= Allan Cartner =

Television continuity announcer

Allan Cartner (13 December 1933 – 24 October 1997) was a television continuity announcer, working primarily for Border Television.

Cartner, born and brought up in Carlisle, graduated from Durham University with a BA before starting his career in 1957 as an outside broadcast cameraman based at the BBC's Lime Grove studios in London and latterly, Manchester. He joined Border Television on 5 October 1961, five weeks after the station went to air for the first time. His first on-air link consisted of a five-minute long Farming Prices bulletin.

He would remain at Border Television for the next 27 years – 26 of those as chief announcer. Along with other Border TV announcers, Cartner read regular Border News bulletins during the day and until the mid-1980s, the main news round-up within Lookaround. He also presented Border Diary (a local events round-up), Pigeon Release Times (on Saturdays) and The First Day of The Week (a weekly Epilogue at close down on Sunday nights).

Cartner's voice was also heard on various Border-produced documentaries, networked as part of the daytime About Britain strand on ITV.

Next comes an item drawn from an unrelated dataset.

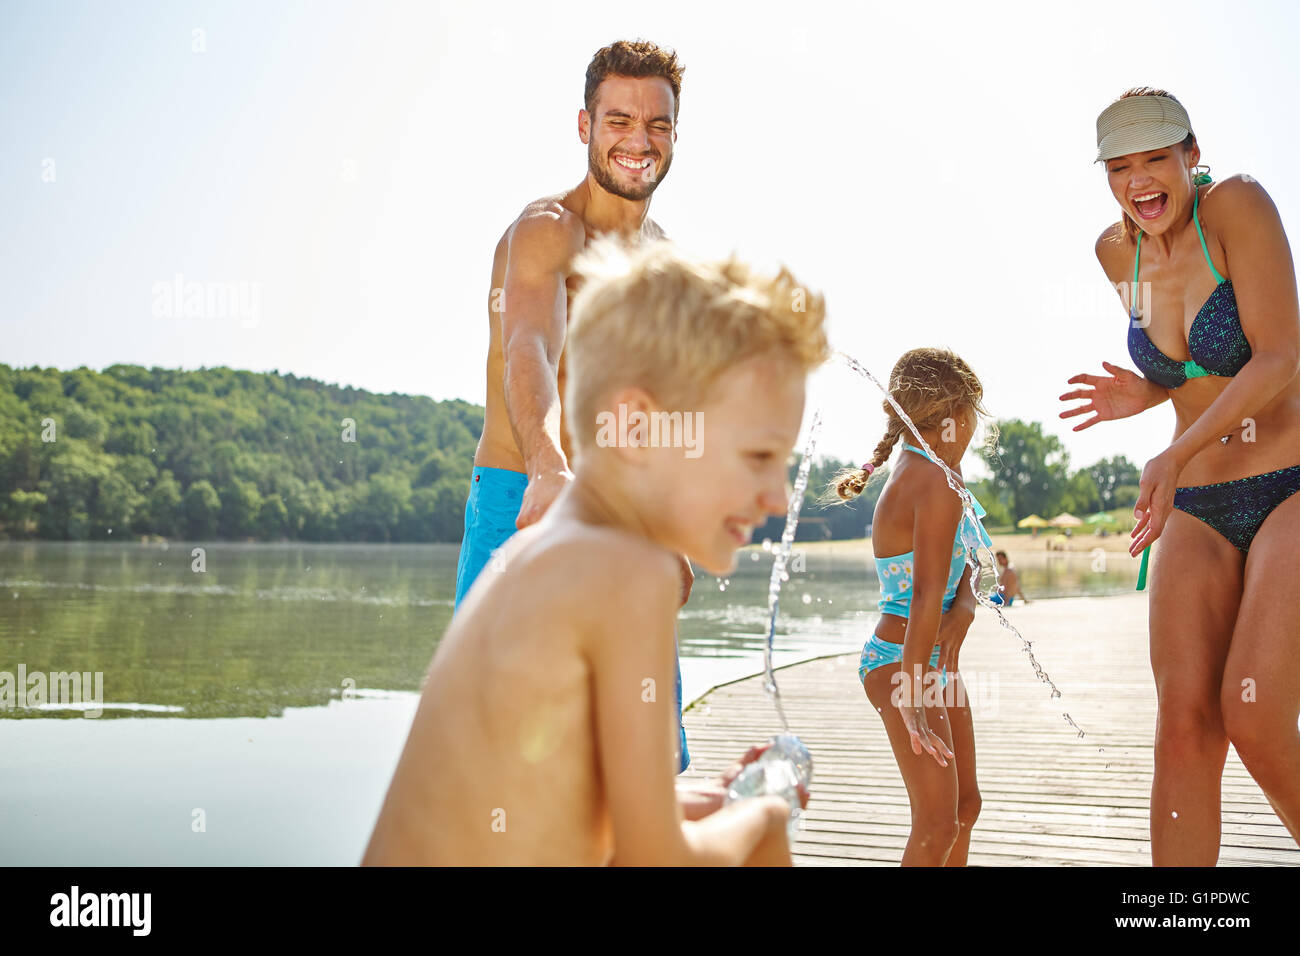 Familie Spray einander an einem See Wasser und Spaß haben Stockfoto

As well as working for Border, Cartner was a regular announcer for Tyne Tees Television during the 1970s. He returned to the Newcastle station as a freelancer after resigning from Border in 1988. Unlike other such announcers as Bill Steel and Kathy Secker, Cartner opted to make the majority of his announcements on Tyne Tees out-of-vision.

On 16 March 1996, Cartner made the last announcement from the Tyne Tees studios at City Road (where the station's continuity department was being closed down). He died 17 months later, aged 63.